On our production line environment HDFS cluster, this parameter is configured to 500ms, that is, when a new block is written in the datanode, it is not reported to the namenode immediately, but to wait 500ms. During this time period, the newly written block is reported to the namenode at one time.
15. Increase the upper limit of simultaneously opened file descriptors and network connections
Use the ulimit command to increase the maximum number of file descriptors that can be opened at the same time to an appropriate value. At the same time, adjust the kernel parameter net core. Somaxconn the number of network connections to a large enough value.

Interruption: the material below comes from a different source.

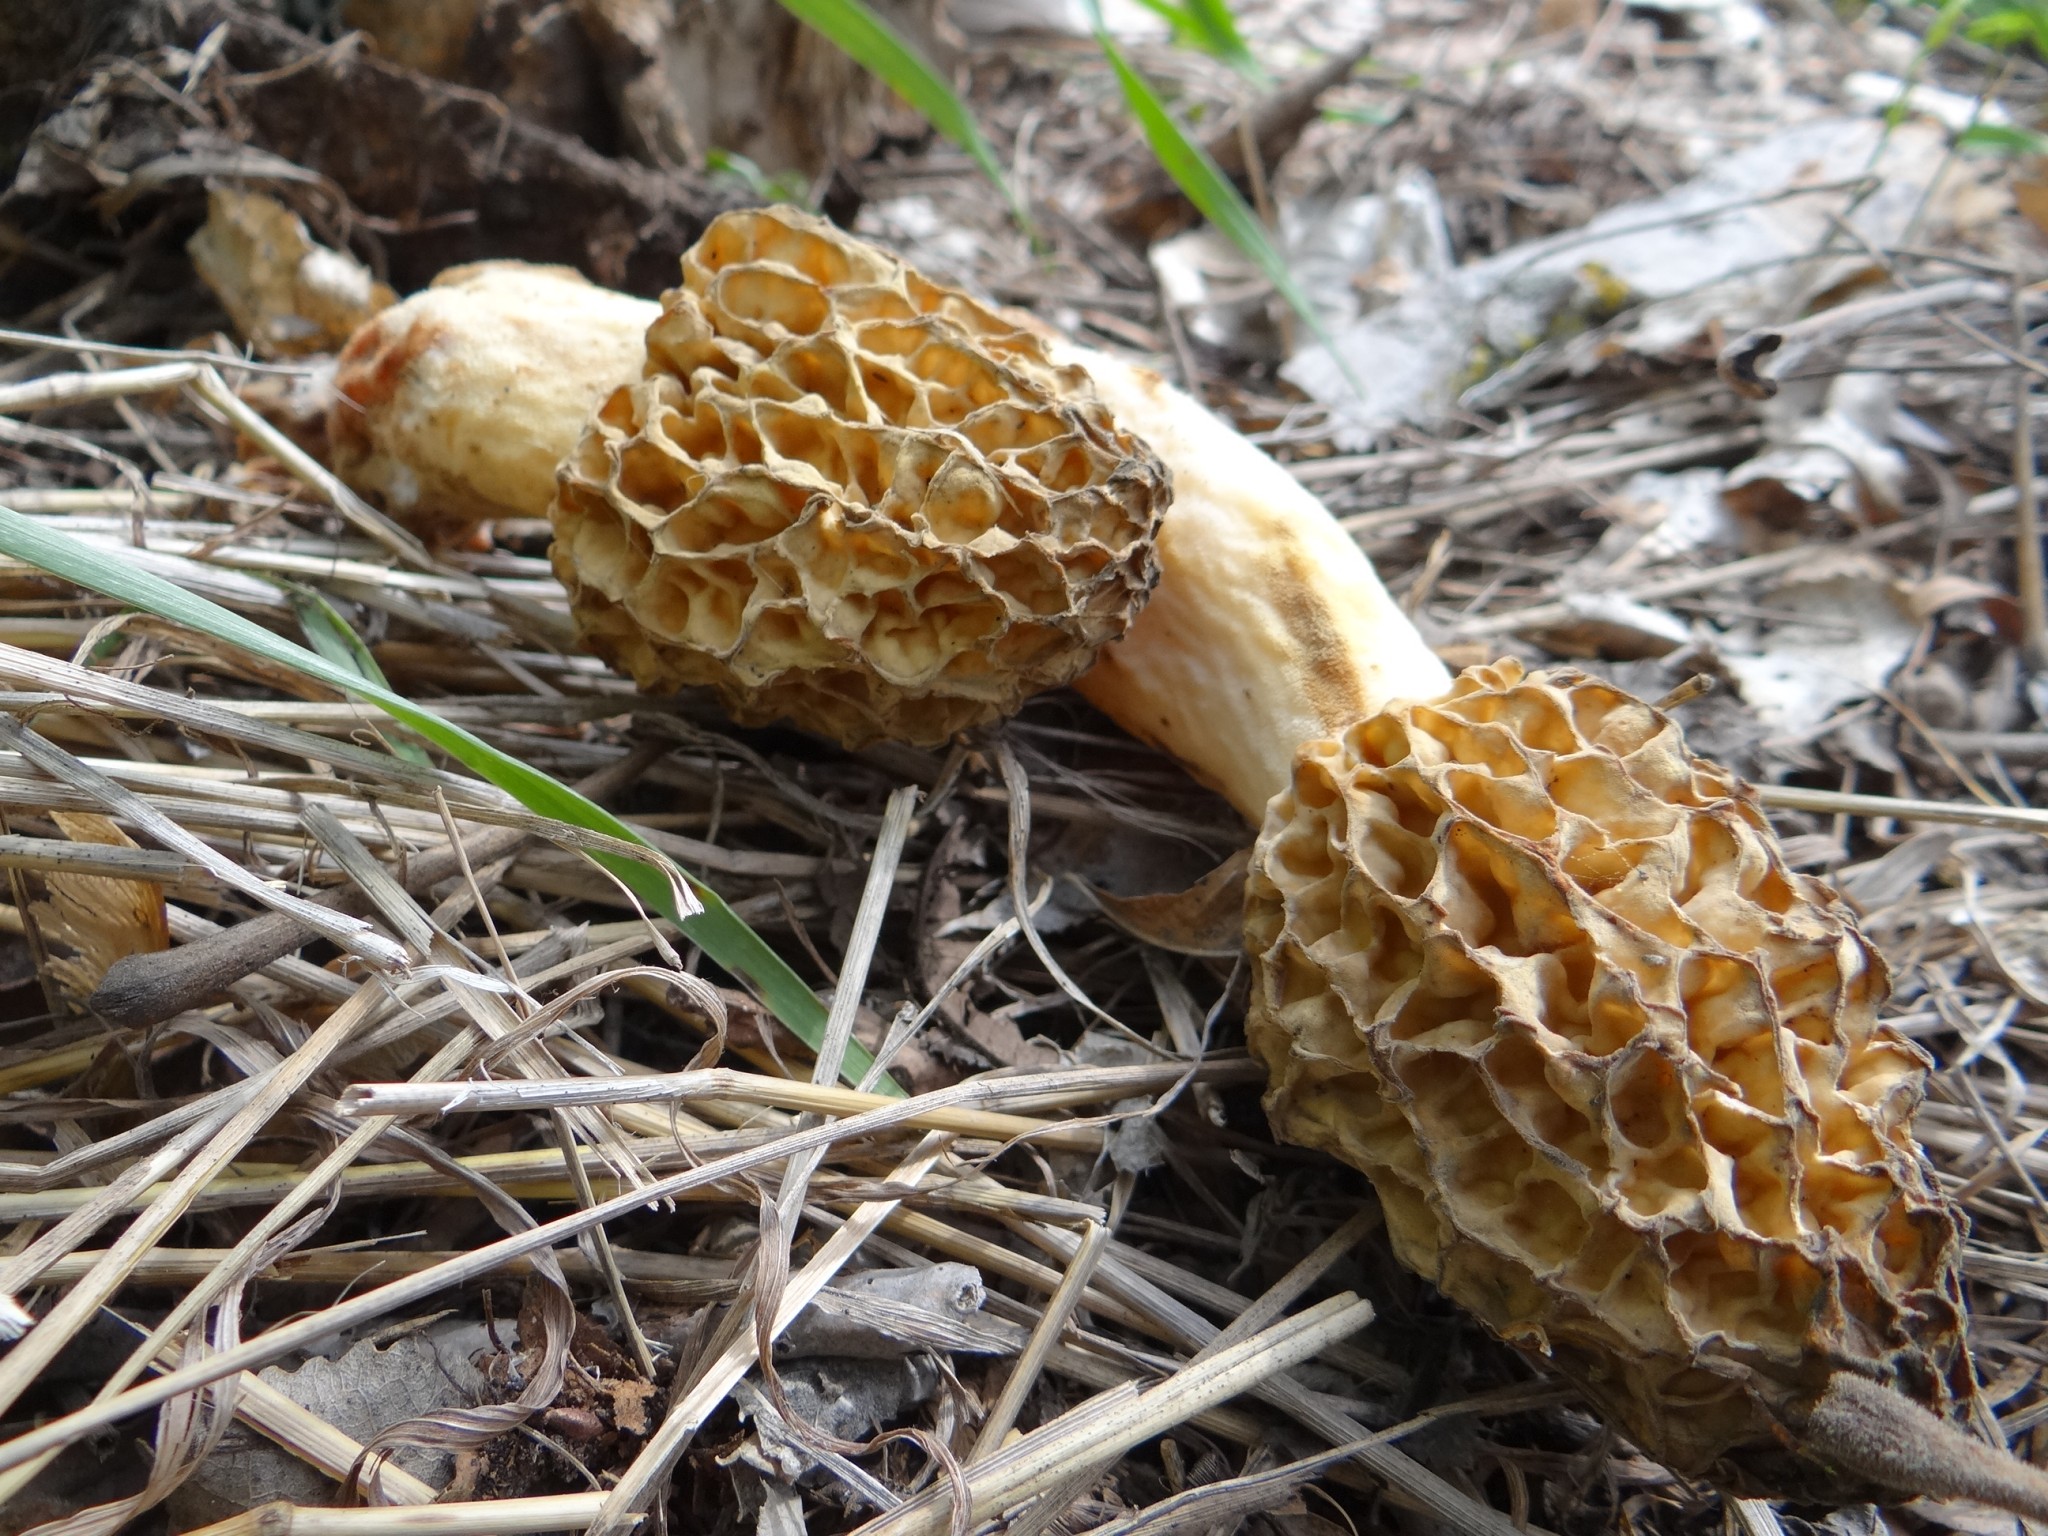 Dried morel mushrooms in Missouri River woodlands. Photo by Greg Wagner.

Supplement: net core. The role of somaxconn
net. core. Somaxconn is a kernel parameter in Linux, which indicates the upper limit of the backlog of socket listen. What is a backlog? The backlog is the listening queue of the socket. When a request has not been processed or established, it will enter the backlog. The socket server can process all requests in the backlog at one time, and the processed requests are no longer in the listening queue. When the server processes the request slowly so that the listening queue is filled, the new request will be rejected. In Hadoop 1.0, the parameter IPC server. listen. queue. Size controls the length of the listening queue of the server socket, that is, the length of the backlog. The default value is 128. The Linux parameter net core. The default value of somaxconn is also 128. When the server is busy, such as namenode or jobtracker, 128 is not enough. In this way, we need to increase the backlog. For example, our cluster will IPC server. listen. queue. The size is set to 32768. In order to achieve the expected effect of the whole parameter, you also need to set the kernel parameter net core. Somaxconn is set to a value greater than or equal to 32768.